Richard Russell (Dow Theory Letters): Are we in a bear market rally or a new bull market?
“(1) The market turned up in a V-shaped reversal off the March 9 low. However, almost all bull markets start with a period of accumulation. This entails a sideways move, sometimes taking weeks or even months. Or it may require a non-confirmation of the Averages as per December 1974. At the March low, we saw neither - no indication of accumulation. And that bothers me.

“(2) At the March lows, we did not see the ‘great values’ that usually accompany major bear market bottoms (i.e. P/E’s in the 5-8 area, average dividend yields of 5-6%).

“(3) The market was severely oversold at the March lows, a condition that often sets off a ‘relief’ (‘let off the pressure’) rally. The advance was probably triggered by the severely oversold condition of the market.

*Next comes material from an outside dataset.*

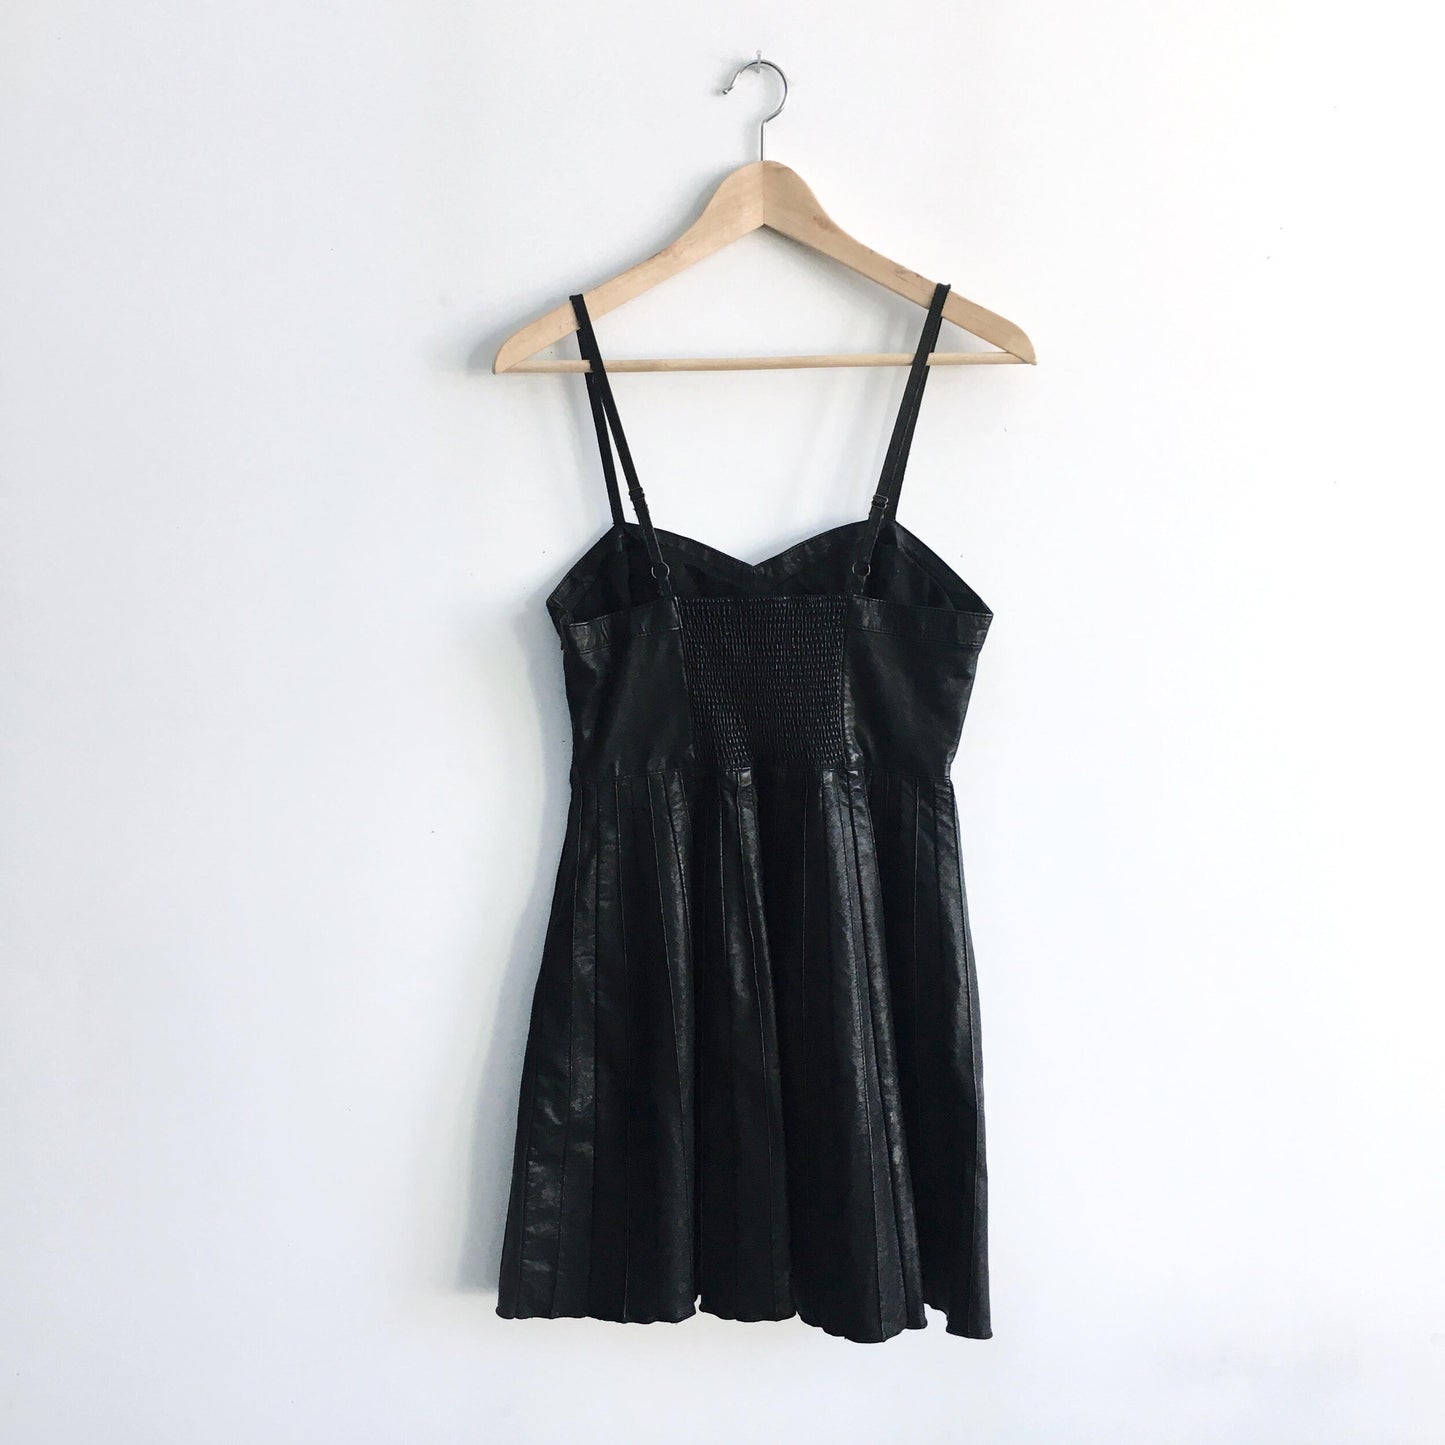 Free People vegan leather pleated dress - size Small

“(4) The one thing a money-manager cannot afford to do is be on the sidelines during ‘what could be’ a major rally. Once the market started up from the March 9 low, many money managers leaped in. The big short positions were immediately squeezed. The rise became a momentum advance. Retail buyers moved in, many trying to retrieve some of their brutal losses.

“(5) The rally moved up ‘too fast’ - action more typical of a bear market rally than the slow, plodding rise that is characteristic of the advance in a new bull market.

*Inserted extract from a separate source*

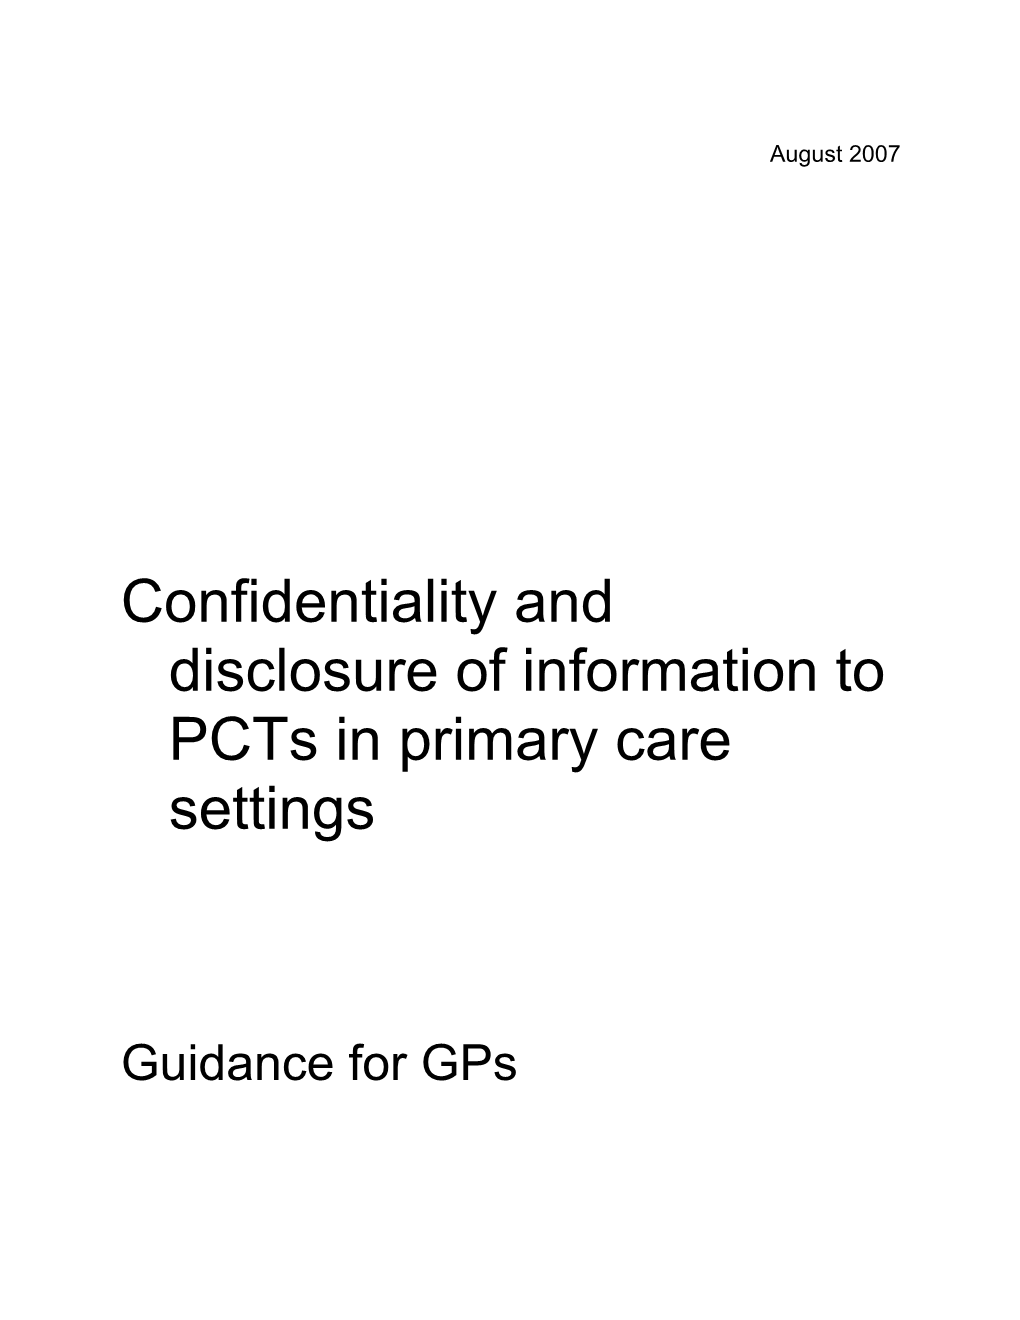 Confidentiality and Disclosure of Information to Pcts in Primary Care Settings

“(6) Two groups that led the rally were Financials and Consumer Cyclicals. Interestingly, these two groups contained respectively 5 billion and 2.7 billion shares sold short. This suggests strongly that a significant part of the rally was fired up by short-covering in these two groups (thanks Alan Abelson for this information).

“(7) Many investors and analysts turned optimistic after the market had rallied for only a few weeks. At true bear market bottoms, investors remain stubbornly sceptical or bearish for months after the bottom. Remembering 1974, people were actually angry when I turned bullish at the bottom. I was receiving hate letters and subscription cancellations.

“All of the above have kept me skeptical and cautious about this rally.”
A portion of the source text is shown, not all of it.